Veranstaltungen

Literatur-Philosophie


Literatur-Philosophie
Christine Abbt und Christian Benne
im Gespräch mit Christian Jany und Klaus Müller-Wille

Montag, 28. November, 16:15 Uhr, Universität Zürich, Rämistrasse 71, KOL-G-204

Im letzten Herbst erschien die von Christine Abbt (Universität Graz) und Christian Benne (Universität Kopenhagen) verfasste Studie Mit Texten denken. Eine Literatur-Philosophie (Passagen-Verlag). Mit diesem Grundlagenwerk nehmen sich die Autor*innen nicht weniger vor, als eine »Antwort auf aktuelle Krisen des Denkens zu Handelns« zu geben, »denen sie die Komplexität literarischer und philosophischer Texte« entgegenzusetzen versuchen. Auch wenn beide bewusst auch an ältere Konzepte der Literatur-Philosophie anknüpfen, ist die Publikation des Buches mit einem deutlichen Plädoyer für die Dringlichkeit und Aktualität eines literarisch-philosophischen Denkens verknüpft.

Die Veranstaltung ist Teil der Ringvorlesung Kulturanalyse jetzt!.

Eine Literatur-Philosophie.
Doktorierendenworkshop mit Christine Abbt und Christian Benne

Dienstag, 29. November, 9:00-10:30 Uhr, Universität Zürich, Rämistrasse 71, RAUM KOL-G-212

Im letzten Jahr erschien die von Christine Abbt und Christian Benne verfasste Studie Mit Texten denken.
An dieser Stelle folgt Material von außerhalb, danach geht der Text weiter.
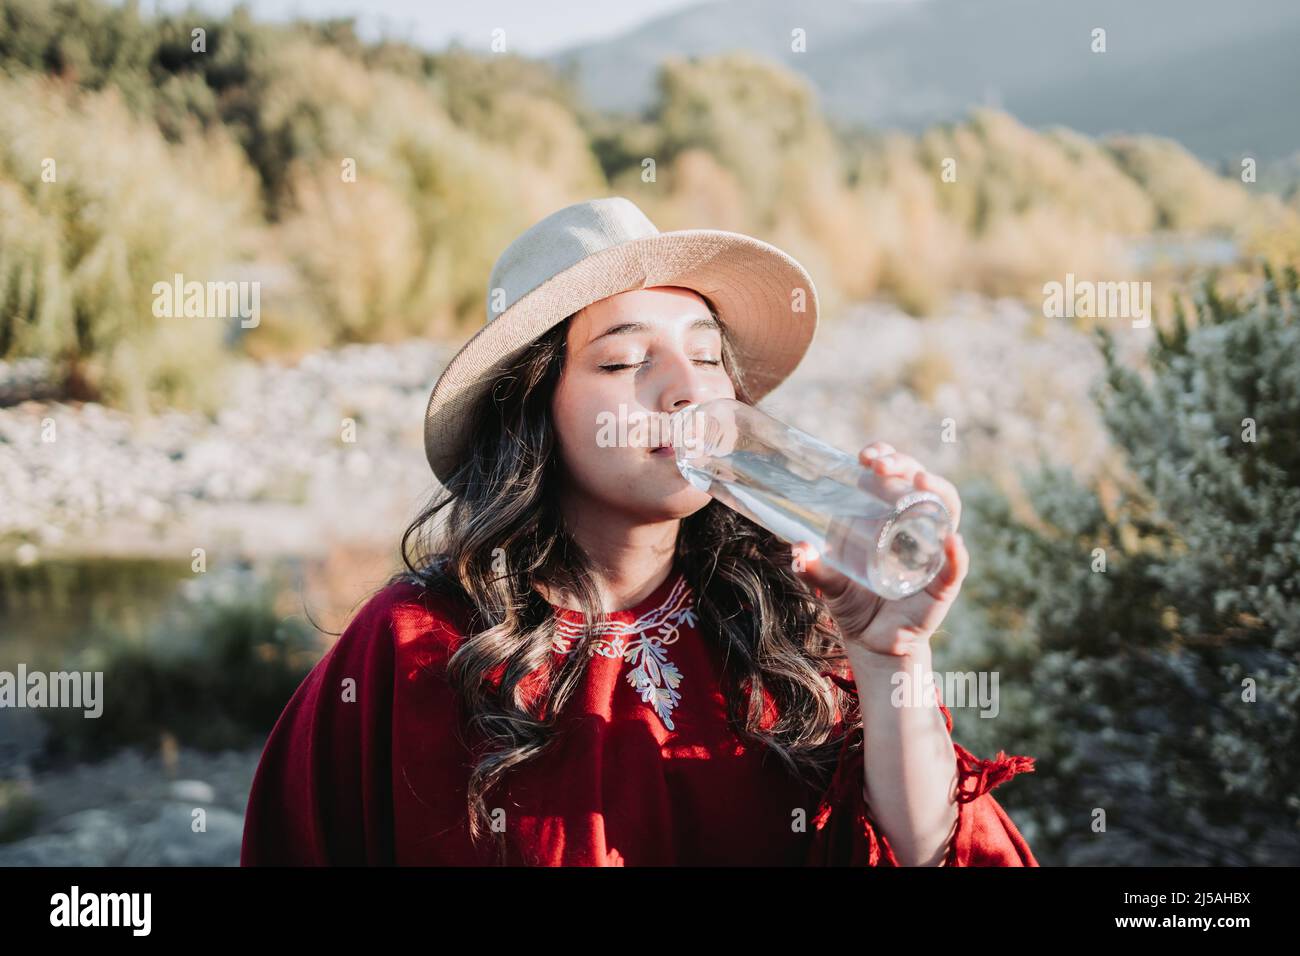 Young latin american woman using traditional clothes, drinking water in a glass bottle. Stock Photo

Eine Literatur-Philosopie. Das Buch, in dem die beiden Autor*innen für »eine gleichberechtigte Annäherung von Literatur und Philosophie, Literaturwissenschaft und philosophischer Analyse« plädieren, versteht sich als Antwort auf aktuelle Krisen des Denkens und Handelns, denen sie die Komplexität literarischer und philosophischer Texte entgegensetzt, die
weder auf Begriffe noch auf Aussagen zu reduzieren sind«. Diese Thesen dienen als spannender Anlass, um mit Christine Abbt und Christian Benne über ihren »Literatur-Philosophie«-Begriff zu diskutieren.

Die Textauszüge werden auf Anfrage zur Verfügung gestellt.

Der Workshop ist eine Kooperationsveranstaltung des Masterprogramms Kulturanalyse, des Zentrums Künste und Kulturtheorie (ZKK), der Schweizerischen Gesellschaft für Skandinavische Studien sowie der interuniversitären Doktoratskooperation »Allgemeine und Vergleichende Literaturwissenschaft«.


Irina Hron (Universität Göteborg): Dermapoetik. Literatur und Haut bei Aris Fioretos

Dienstag, 29. November, 11:00-12:30 Uhr, Universität Zürich, Rämistrasse 71, RAUM KOL-G-212

Von der „gåshud“ (Gänsehaut) bis hin zu einer Taxonomie über die ‚Arten von Haut‘ geistern zahllose Bilder und Beschreibungen von Haut durch Aris Fioretos’ literarisches Werk. Davon ausgehend soll im Vorltrag der Zusammenhang von Sprache, Schrift und Haut diskutiert und unter dem Signum einer literarischen Dermapoetik zur Debatte gestellt werden. Im Mittelpunkt steht dabei die Betrachtung der häutigen bzw. hautlosen, oftmals brüchigen und meist höchst vulnerablen Gesichter, Körper und Gegenstände – insbesondere in Fioretos’ Romantrilogie Den nya människan (Der neue Mensch) sowie den dazugehörigen Fallstudien aus dem Werk Atlas (2019).

Unrueh

Regie: Cyrill Schäublin, CH 2022

Die neue Arbeit des Schweizer Regisseurs Cyril Schäublins «Unrueh» (CH, 2022) ist der Film der Stunde und wird zurzeit an den Filmfestivals mit Preisen überschüttet (u.a. Berlinale, Beijing International Film Festival, New York Film Festival). Der mit Laien gedrehte Film ist eine präzise Darstellung der technischen und sozialen Umbrüche im ausgehenden 19. Jahrhundert im Schweizer Jura. Der Filmtitel «Unrueh» hat dabei eine doppelte Bedeutung: Er bezeichnet die Spirale, welche das Räderwerk mechanischer Uhren zum Laufen bringt. Aber auch die anarchistische Bewegung (mit Protagonisten wie Pjotr Alexejewitsch Kropotkin), welche die ihnen auferlegten neuen Zeitregime und die Freiheit eines selbstbestimmten Lebens nicht einfach hinnehmen will. 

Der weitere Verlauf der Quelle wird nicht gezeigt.